The third is "we will compensate with more frequent runs." Repeated underpowered tests with naive multiple-comparison handling produce false discoveries on a timeline the team has no plan to correct. The multiple-comparisons page is the correction; the prior question is whether the underlying test is powered.
[!IMPORTANT]
Pick MDE before you pick N. Picking N first and reading the MDE off the math invites the team to argue the underpowered comparison was decisive when it was not 2.
Power for online A/B
Online A/B inherits the same logic with two differences. The pairing is rarely clean (users do not always see both arms), so the comparison is usually unpaired. The variance is usually larger due to clustering by user. Chatbot Arena reports model intervals from bootstrap on a sample-by-sample basis precisely because the underlying pairwise comparisons are noisy and the team wants the interval to reflect the actual signal 4. The same discipline applies to in-product A/B: design the comparison for the MDE that matters, and run it long enough.
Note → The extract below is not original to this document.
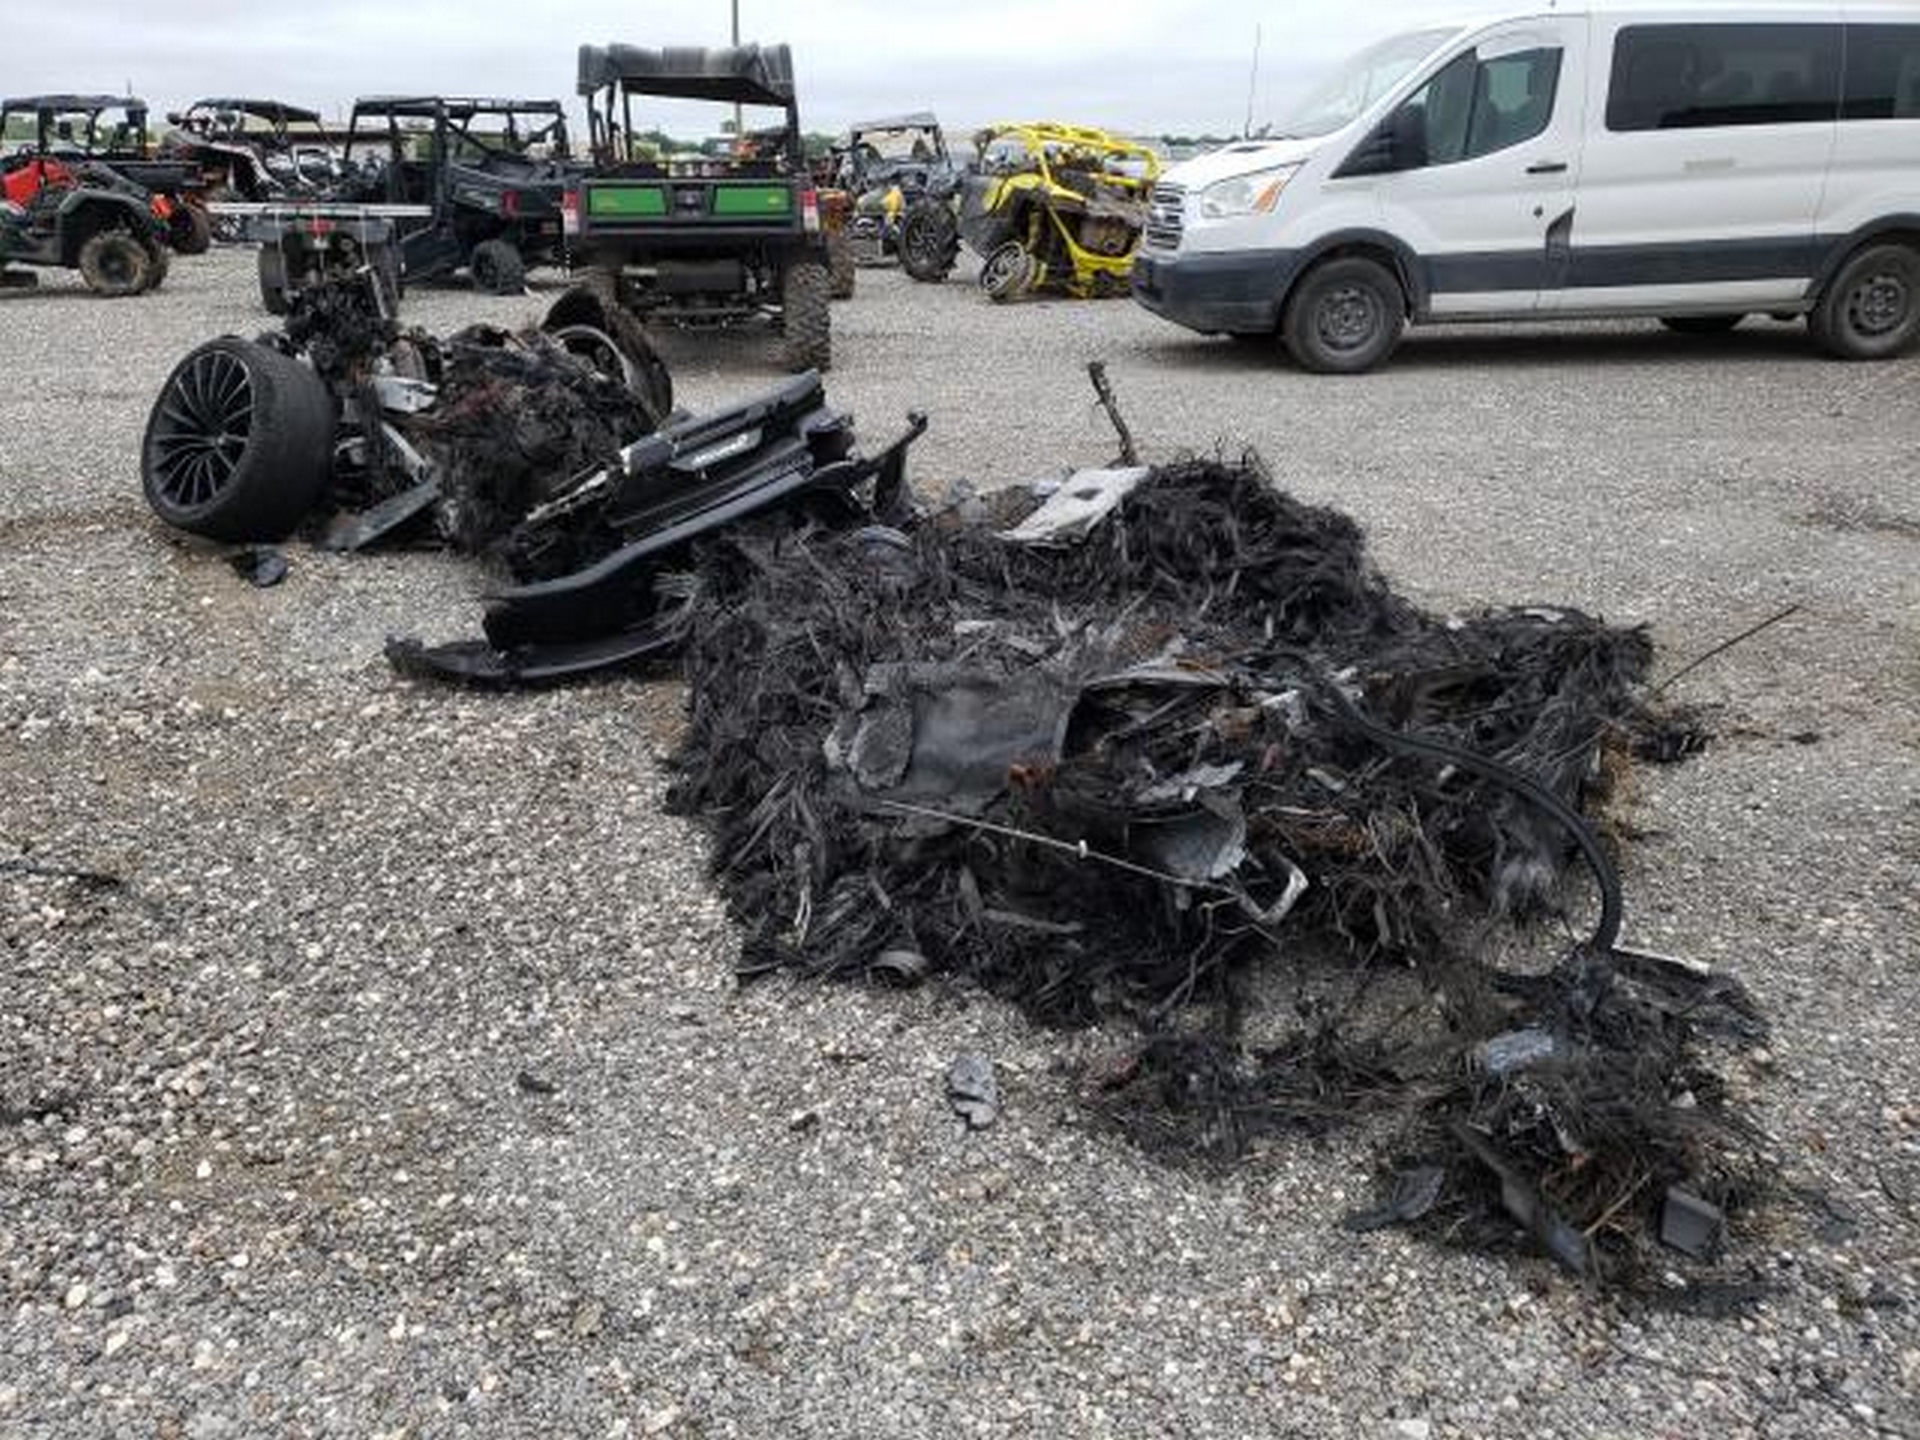 Siêu xe McLaren bị cháy thành tro vẫn được rao bán - 2

The flywheel framing makes the same point at the program level: eval programs that under-invest in power produce shipping decisions that look statistical but are not 5.
What to do this week
- For each release-gated metric, write the MDE on the spec. The number is a product decision; argue it with whoever owns the product.
- Compute the required N for each metric at 80% power, alpha 0.05. If the eval set is smaller, treat that as a known underpowered state, not as something you can wish away.
- Run a pilot of fifty paired inputs to estimate the discordant-pair rate or the standard deviation of the difference. Plug it into the design.